Un algoritmo per le epidemie

Afta epizootica, Hiv, Ebola: sono alcuni tra i più famosi virus che terrorizzano le popolazioni di tutto il mondo. E che la scienza cerca di combattere. Una risposta arriva da due fisici argentini dell’Instituto Balseiro di Bariloche, Guillermo Abramson e Marcelo Kuperman, in un articolo apparso su Physical Review Letters. Dai loro studi emerge un quadro non troppo tranquillizzante. Le società moderne infatti tendono a essere sempre meno raggruppate e il raggio di interazione delle persone tende ad ampliarsi. E meno una società è “raggruppata” – nel senso che gli individui tendono a confinare sempre meno le proprie relazioni nell’ambito di un gruppo fisso -, più è a rischio. I gruppi che si salvano sono quelli che i due argentini hanno chiamato “small world’, ovvero piccolo mondo. Galileo ha intervistato Guillermo Abramson per approfondire il senso di questo studio.

Cosa è il “piccolo mondo”?

“Piccolo si riferisce all’espressione “fenomeno del mondo piccolo” (“small-world phenomenon”), inventata dallo psicologo Milgram negli anni Sessanta. Si tratta di un’espressione matematica che illustra come la rete di conoscenze di ogni individuo in una società sia limitata: gli amici di una persona sono anche “amici degli amici”, per capirsi. E’ chiaro che nella vita reale le relazioni di una persona cambiano nel tempo; nel nostro modello di “small world” assumiamo però che le distanze tra le persone aumentino sempre più lentamente del numero di conoscenze”.

Ma cosa si intende precisamente per “distanza” tra due persone?

“In fisica parliamo spesso di “distanza tipica”. L’idea è di connettere persone che non si conosco direttamente mediante passaggi tra persone che si conoscono direttamente. Facciamo un esempio, che è poi lo stesso che usò Milgram nei suoi studi. Supponiamo di voler far pervenire una lettera a una persona che non conosciamo direttamente passandola a un amico più vicino di noi al destinatario. Il nostro amico, a sua volta, passerà la lettera a un altro amico ancora più vicino al ricevente.
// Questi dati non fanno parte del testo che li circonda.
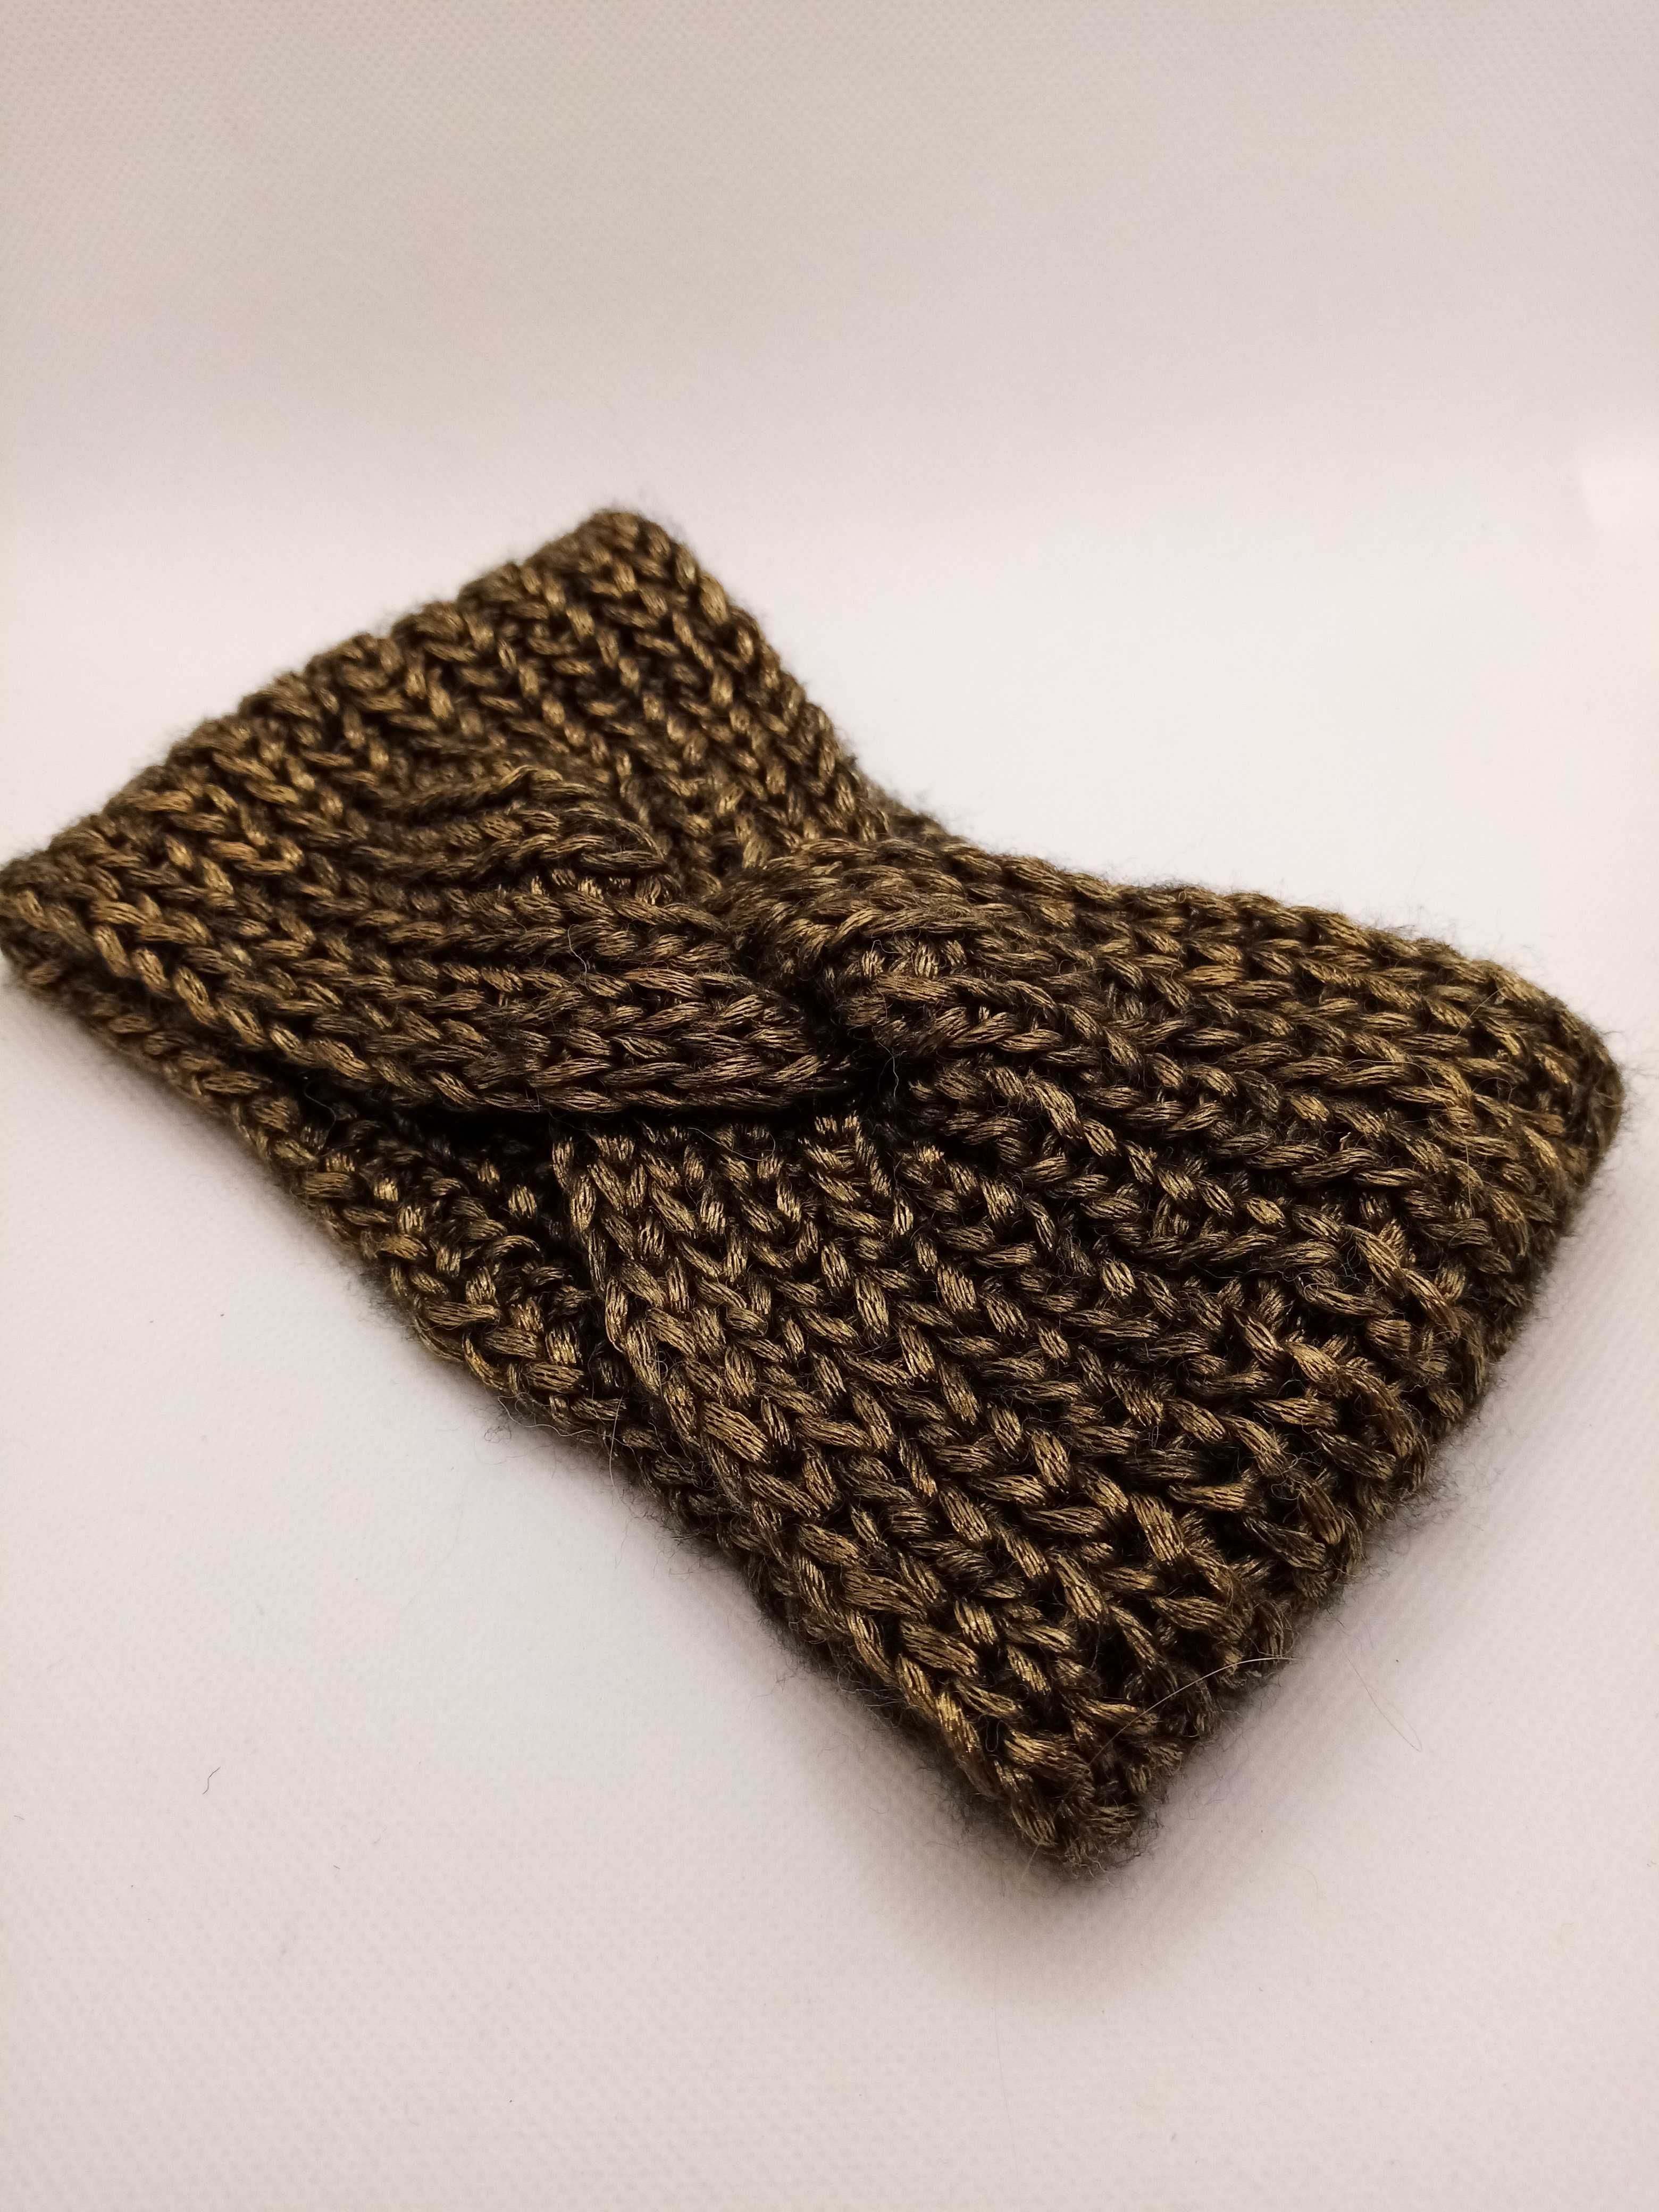 Damska, beżowo-złota opaska-turban; handmade

Milgram concluse che il numero tipico di passaggi, prima che la lettera giunga al destinatario finale, è sorprendentemente piccolo: sei. E ne concluse che sei è la lunghezza tipica di una catena di conoscenze. Da ciò trasse ispirazione perfino Hollywood col film “Six degrees of separation” (Sei gradi di separazione). Nel nostro modello abbiamo dovuto tener conto anche del fatto che spesso le conoscenze di una persona tendono a essere anche le conoscenze di un’altra. In matematica descriviamo questo fenomeno col termine di “clusterization”, ovvero “raggruppamento”. Per esempio una società che si basa sul nucleo familiare è fortemente raggruppata. Quelle moderne tendono invece a essere meno raggruppate: si viaggia frequentemente, si incontrano sempre più persone, ecc.”.

Quali conclusioni avete ottenuto con questo modello?

“Abbiamo considerato diversi gradi di raggruppamento e di distanze per descrivere società differenti. A un estremo abbiamo quelle fortemente raggruppate, come per esempio le rurali; dall’altro società poco raggruppate con distanze molto corte, come quelle moderne urbane. Le prime hanno un basso livello di infezione endemica, mentre nelle seconde le epidemie tendono a ripetersi ciclicamente, ovvero il numero degli individui contagiati aumenta e diminuisce ciclicamente. Nel mezzo troviamo le società che noi chiamiamo “small world”, con vari livelli di raggruppamento. La suscettibilità al propagarsi di un’epidemia dipende soltanto dalla struttura delle diverse società, ovvero dal loro grado di raggruppamento, e non dal numero di connessioni tra gli individui. Questi risultati sono stati consolidati da fenomeni reali: abbiamo infatti paragonato le nostre cifre coi dati riguardanti la propagazione del morbillo in società tra loro molto diverse, quali il Regno Unito, l’Islanda e l’Europa continentale”.

Dalla ricerca da voi condotta si possono dedurre delle indicazioni per mantenere le nostre società più sane?

“Una cosa risulta particolarmente evidente: vaccinare i bambini in età scolare contro l’influenza è molto più efficiente, nel contrastare l’epidemia, che vaccinare gli anziani. I bambini rappresentano un po’ delle “scorciatoie” nella società, perché congiungono tra loro raggruppamenti che altrimenti resterebbero sconnessi. Alla luce di questo dato il Giappone sta già attuando con successo questo tipo di vaccinazioni nei bambini. In questa direzione si muove anche la nostra ricerca futura: inserire le vaccinazioni nel nostro modello”.